**Data shown**.
_ _ _

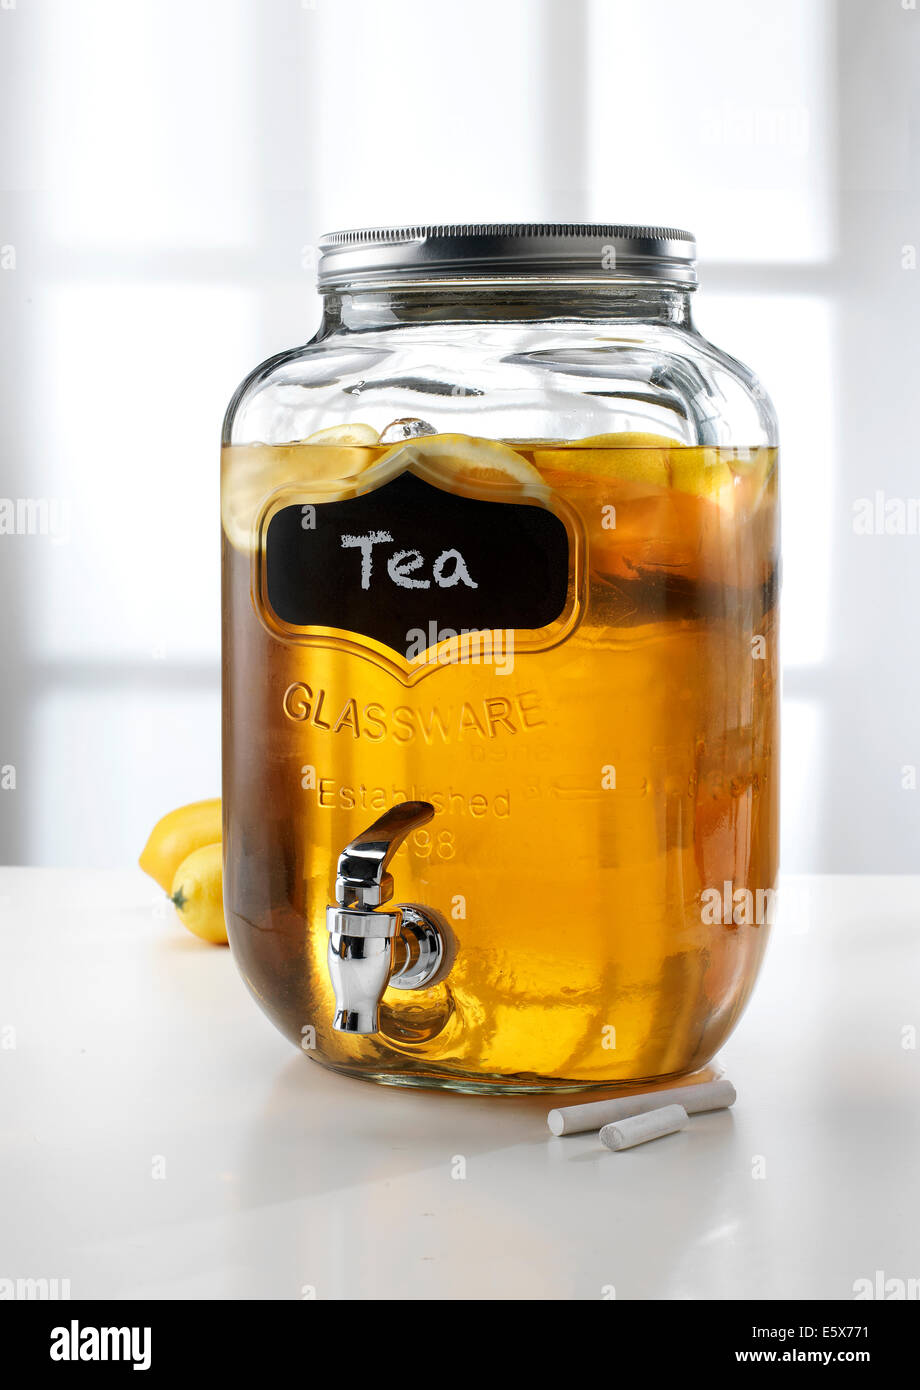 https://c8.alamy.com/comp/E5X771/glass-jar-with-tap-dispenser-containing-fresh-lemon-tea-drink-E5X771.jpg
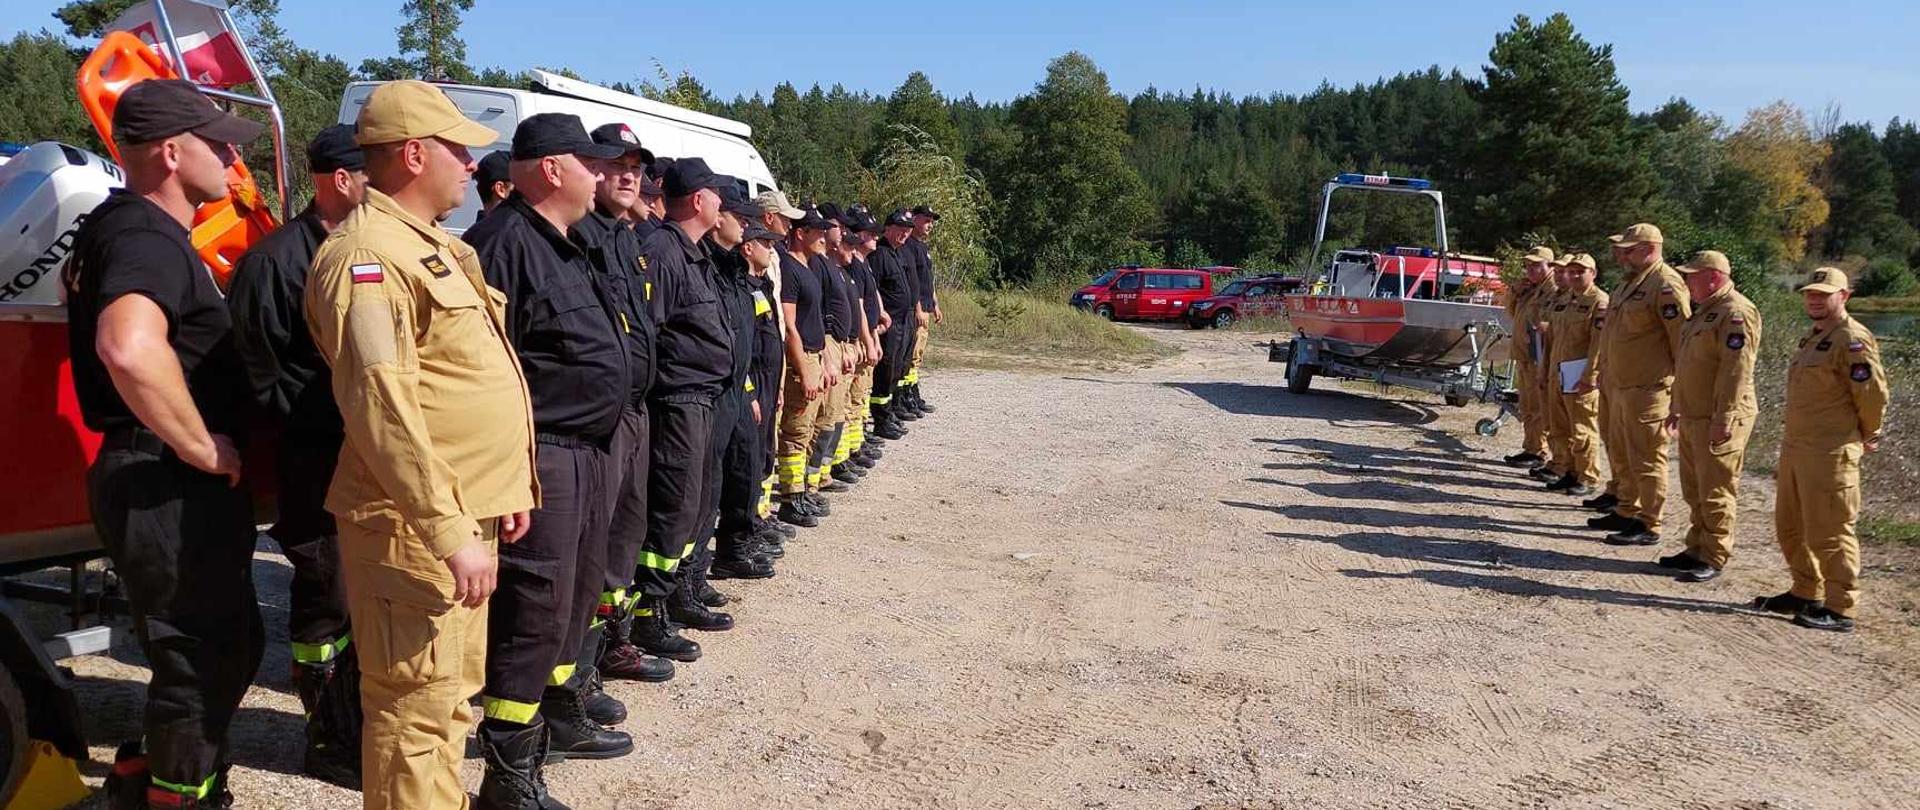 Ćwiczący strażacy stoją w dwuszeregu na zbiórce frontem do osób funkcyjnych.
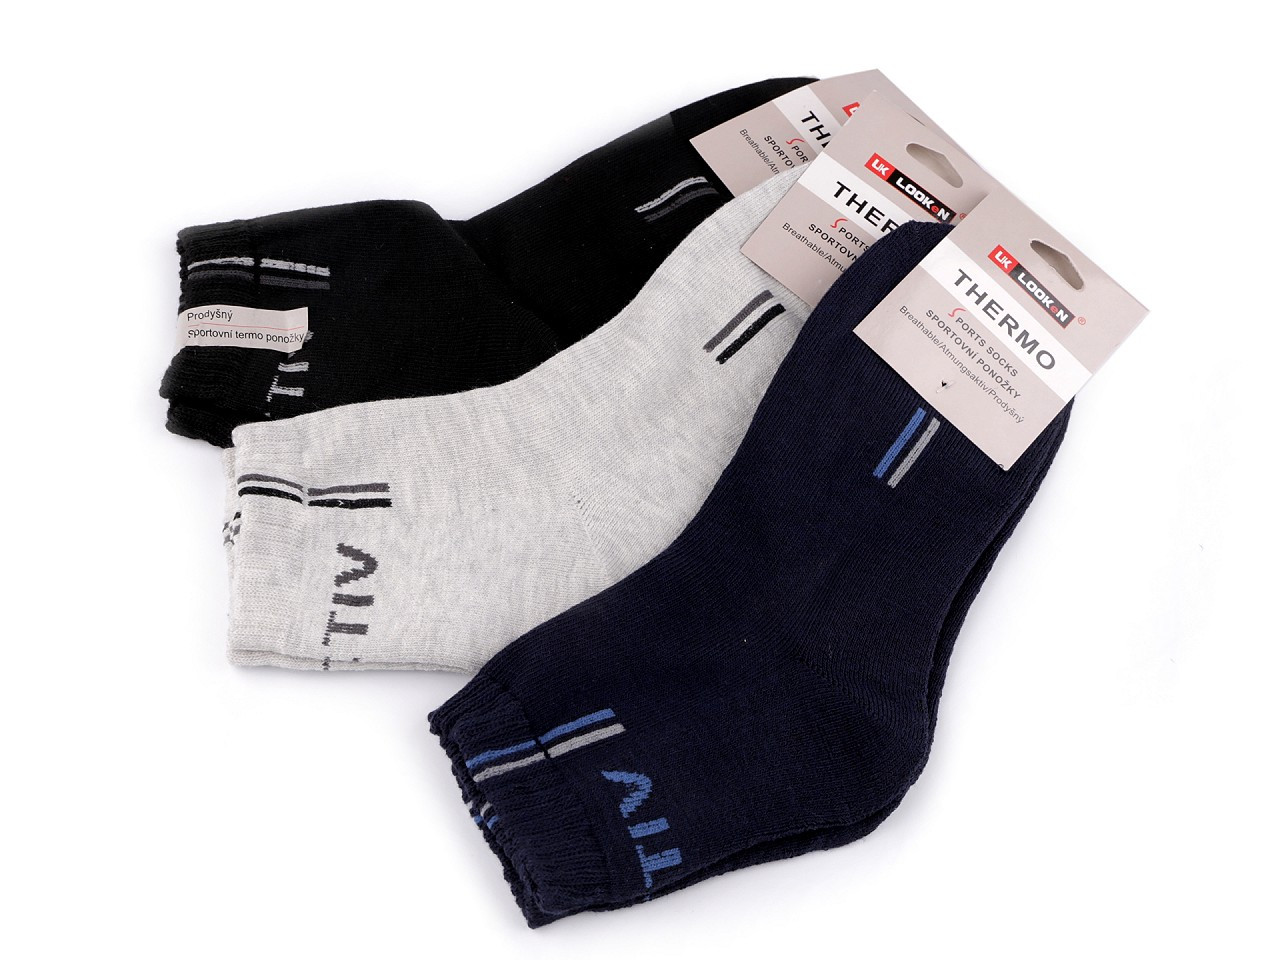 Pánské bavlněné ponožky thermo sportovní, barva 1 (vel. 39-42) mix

_ _ _

**Problem**. For this exercise, write the listing out again exactly, excluding all images.

**Answer box**.
 https://c8.alamy.com/comp/E5X771/glass-jar-with-tap-dispenser-containing-fresh-lemon-tea-drink-E5X771.jpg
 Ćwiczący strażacy stoją w dwuszeregu na zbiórce frontem do osób funkcyjnych.
 Pánské bavlněné ponožky thermo sportovní, barva 1 (vel. 39-42) mix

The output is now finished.